Illustration: Demonstrierende Frauen halten Kreuze in den Händen. Eines der Kreuze trägt die Aufschrift: Ni Una Más! - Kein einziges mehr! Illustração: © Rosa Kammermeier

A violência contra as mulheres no México não tem uma, mas várias faces. A mais terrível é o feminicídio, embora não seja a única. O antifeminismo também ocorre de maneira silenciosa e velada em todos os níveis da sociedade.

Querida Bo-Myung, li o que você escreve sobre a Coreia do Sul e, de certa forma, o quadro se parece muito com o que acontece no México. Essa forma orgânica de jovens mulheres se organizarem pela internet e, em seguida, levarem suas ações para as ruas; essa aparente aceitação institucional rápida de uma agenda de gênero para, em seguida, ocorrer o contra-ataque; esse uso e ataque populista de direita e esquerda. No México, no entanto, somam-se outras variáveis, mas acho que vou precisar de uma história para me explicar.   

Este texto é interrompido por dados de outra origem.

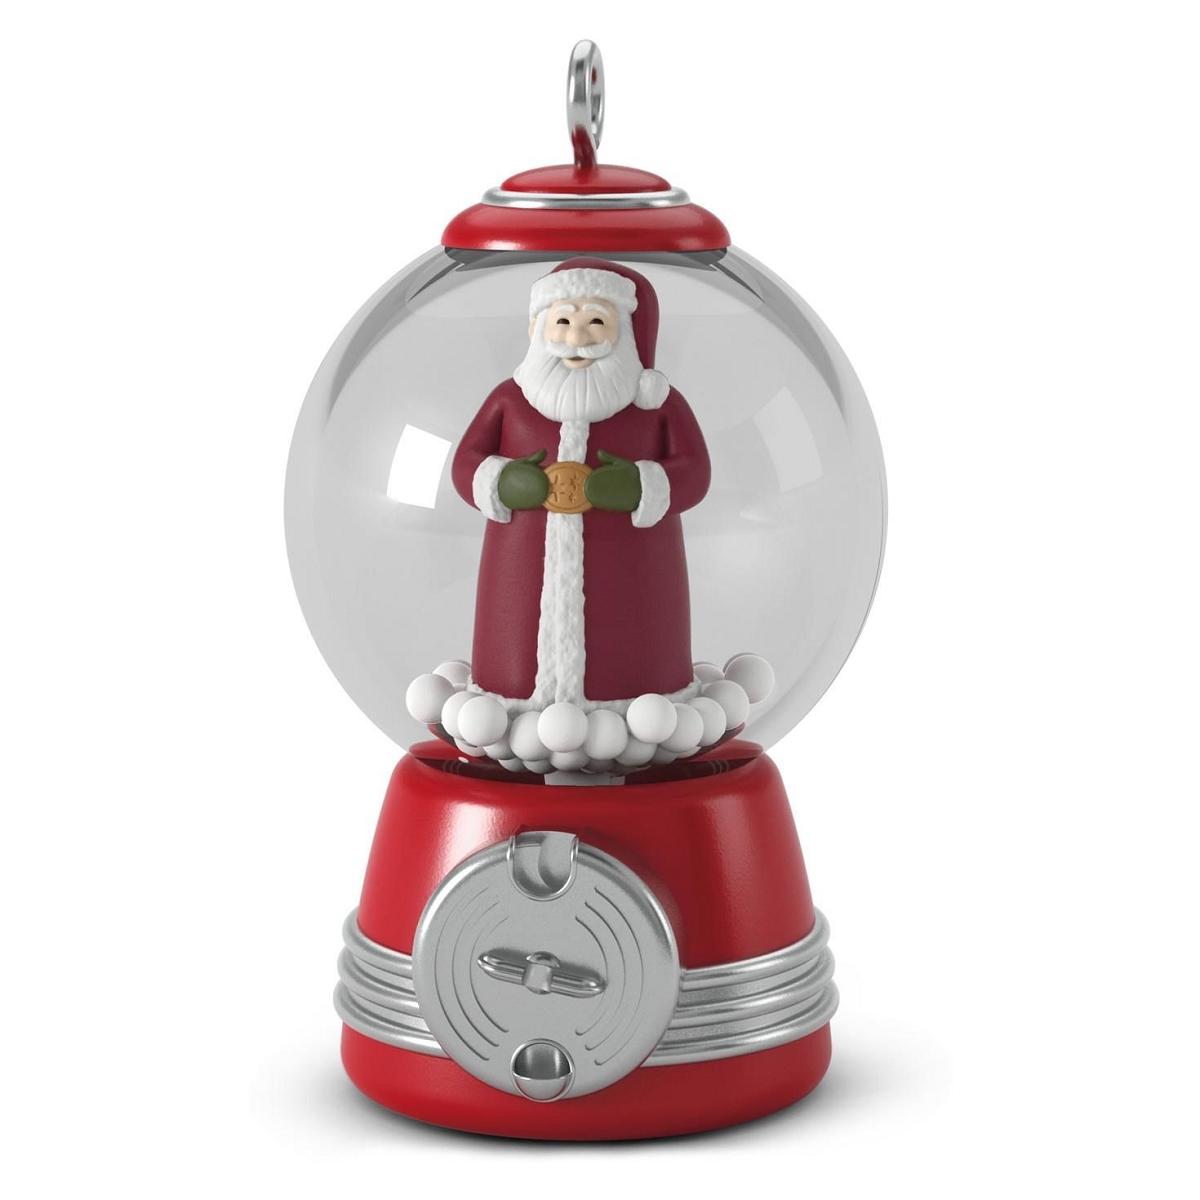 2016 gumball santa hallmark keepsake miniature ornament for Christmas ornaments sale

O México é um país violento para todxs, e é particularmente violento para as mulheres e também para todas as pessoas dissidentes sexogenéricas. Porém, no México, com as piores histórias sempre se vive uma ambiguidade. Parece que nada é realmente o que você vê ou percebe, e surge a dúvida de que, talvez, você esteja imaginando tudo. Podemos dizer que há discursos que parecem gaslighting do governo? Só cavando, dolorosamente cavando a realidade, é possível entender que, no fim, você não estava equivocada.

Aqui está um exemplo: estamos em 2019. De acordo com o Observatório da Igualdade de Gênero da América Latina e do Caribe, o México permanece com uma taxa moderadamente alta de feminicídios por 100 mil habitantes, em comparação com o resto da região. Um pouco acima da média (ou seja, há sempre países que estão passando por situação pior), embora não seja possível saber se a medição está correta ou não. E a fonte é a Secretaria Executiva do Sistema Nacional de Segurança Pública (SESNSP), que retoma aqueles casos classificados como feminicídio pelos ministérios públicos locais.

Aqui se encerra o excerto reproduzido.